Exercise brief >> The response should contain only the line with "Actif Sirtuin Mega" and every line after it to the end of the listing below, duplicated exactly; no picture belongs in it.

Information provided >>

·····

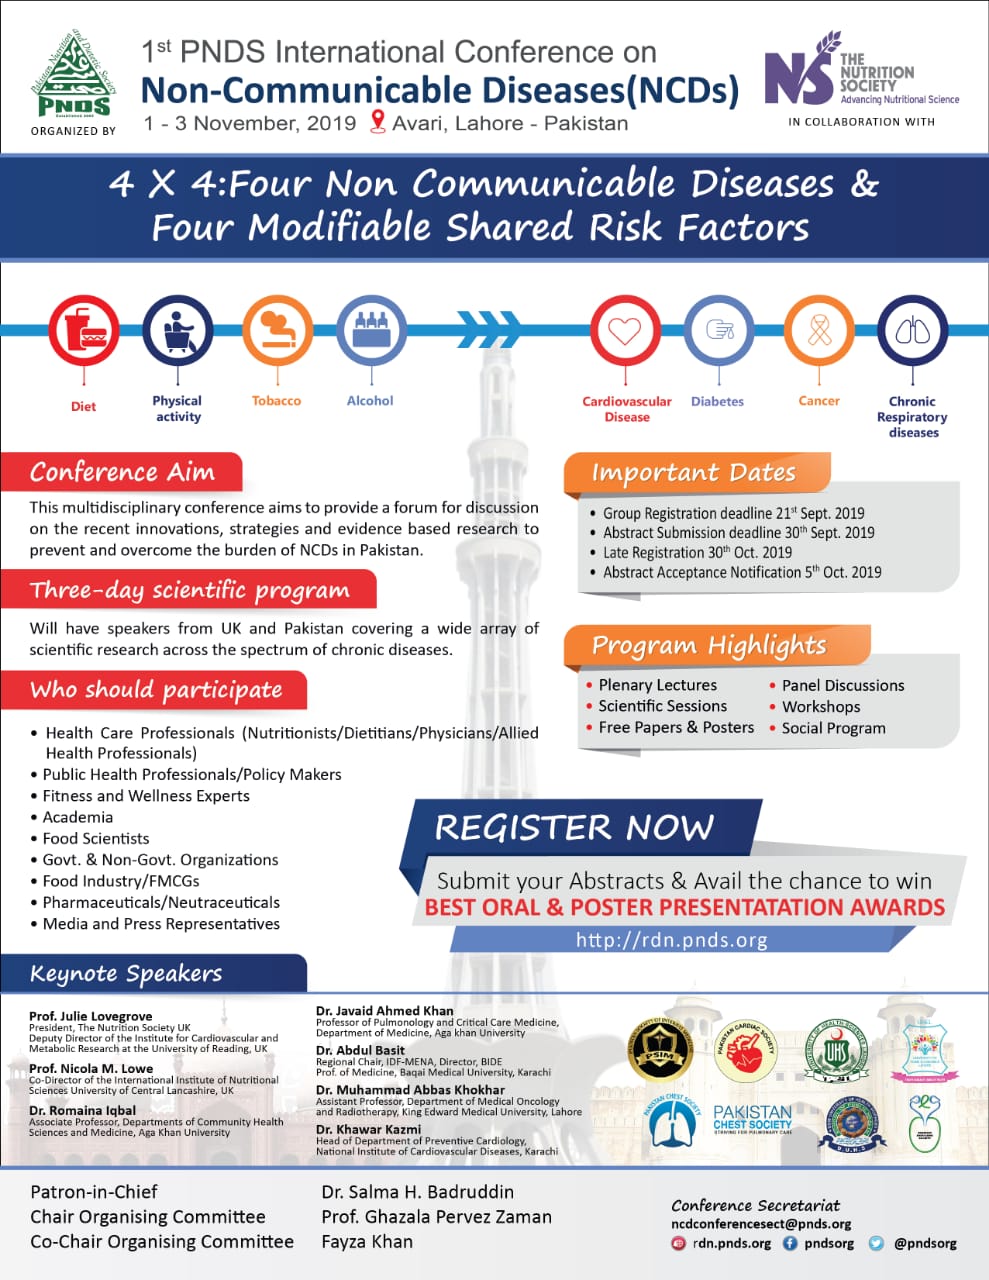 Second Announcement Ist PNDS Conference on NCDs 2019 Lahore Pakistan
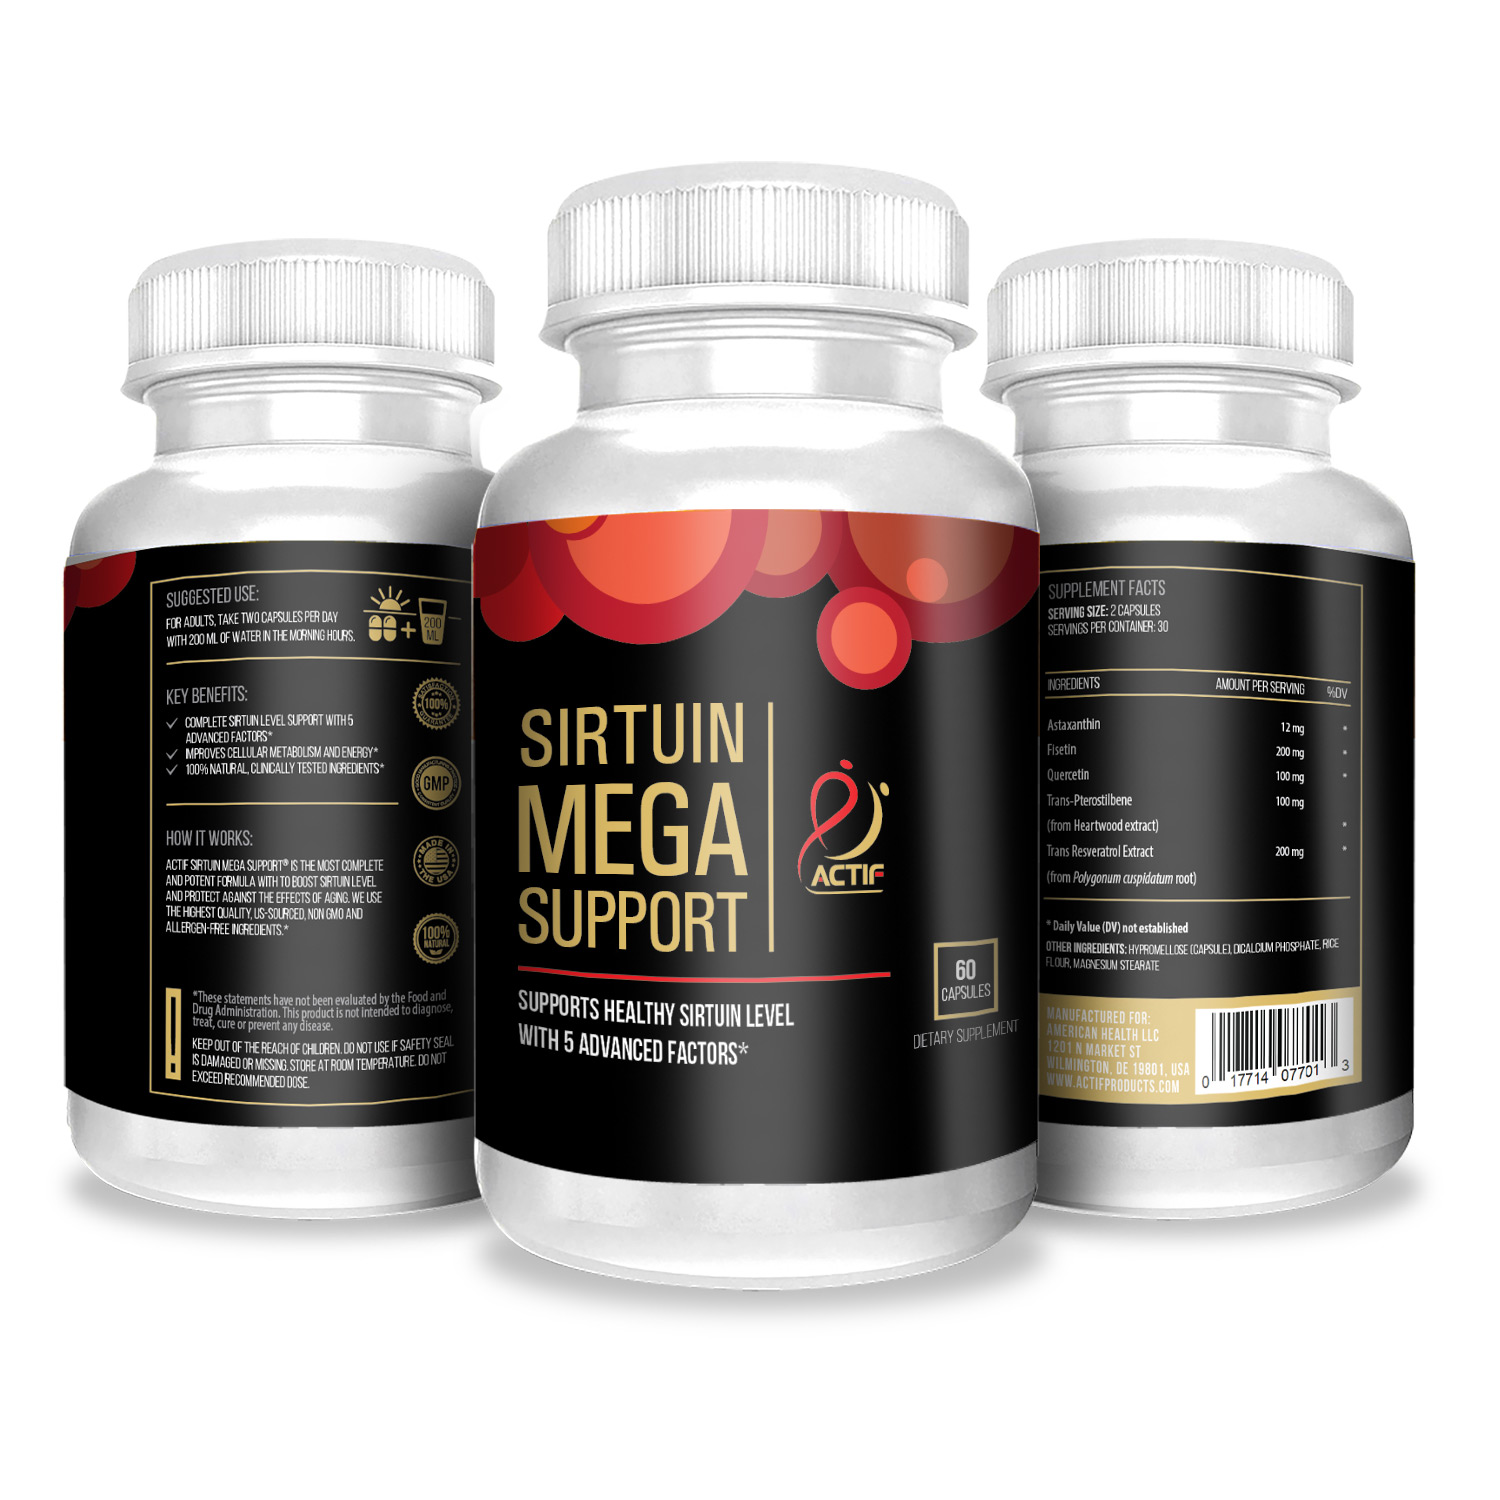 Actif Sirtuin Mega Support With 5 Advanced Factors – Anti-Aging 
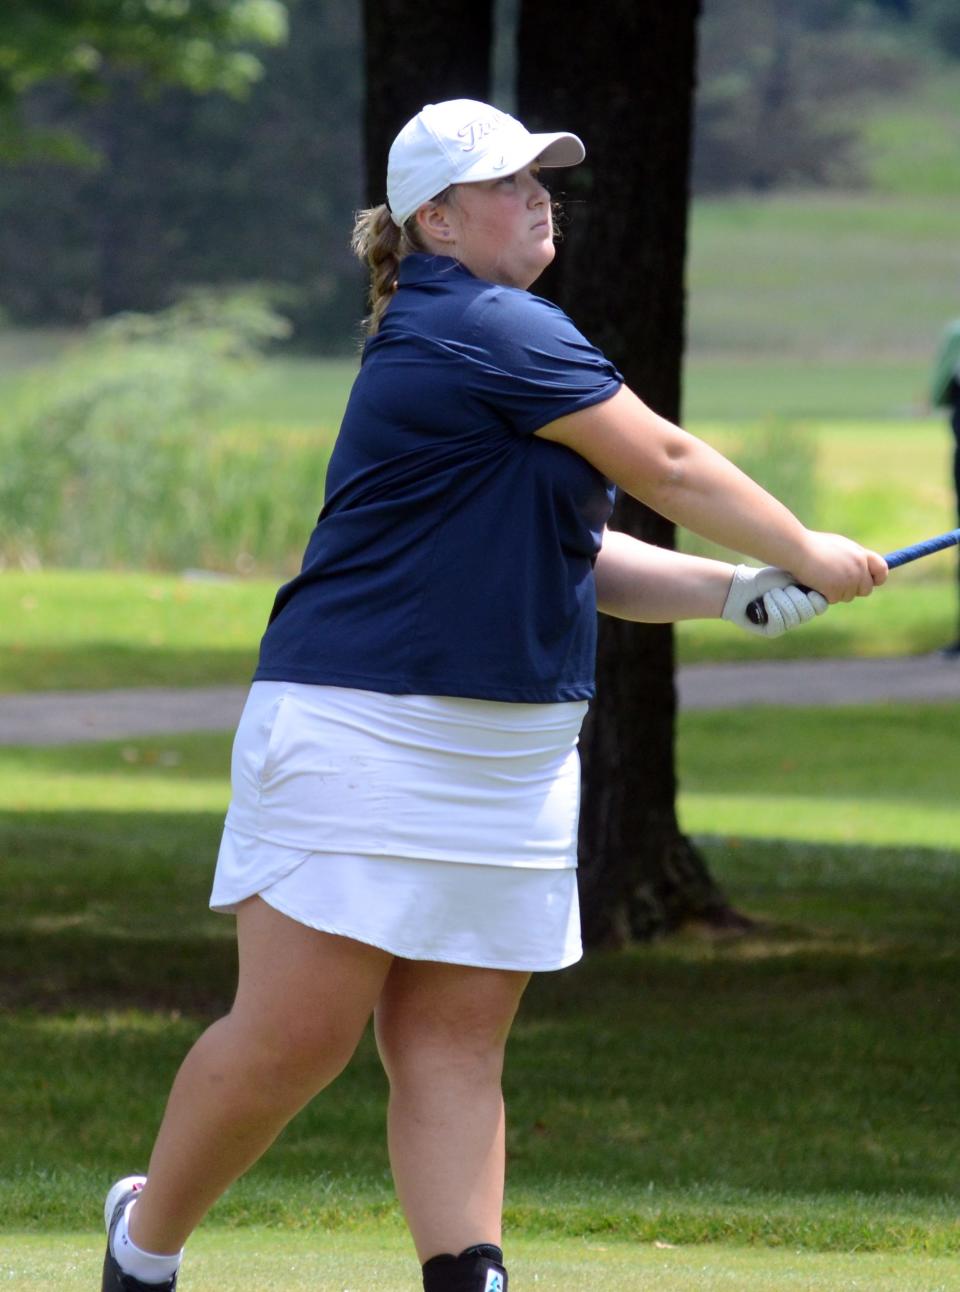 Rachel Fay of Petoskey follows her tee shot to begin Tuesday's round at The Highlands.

·····

Solution to the problem >>
 Actif Sirtuin Mega Support With 5 Advanced Factors – Anti-Aging 
 Rachel Fay of Petoskey follows her tee shot to begin Tuesday's round at The Highlands.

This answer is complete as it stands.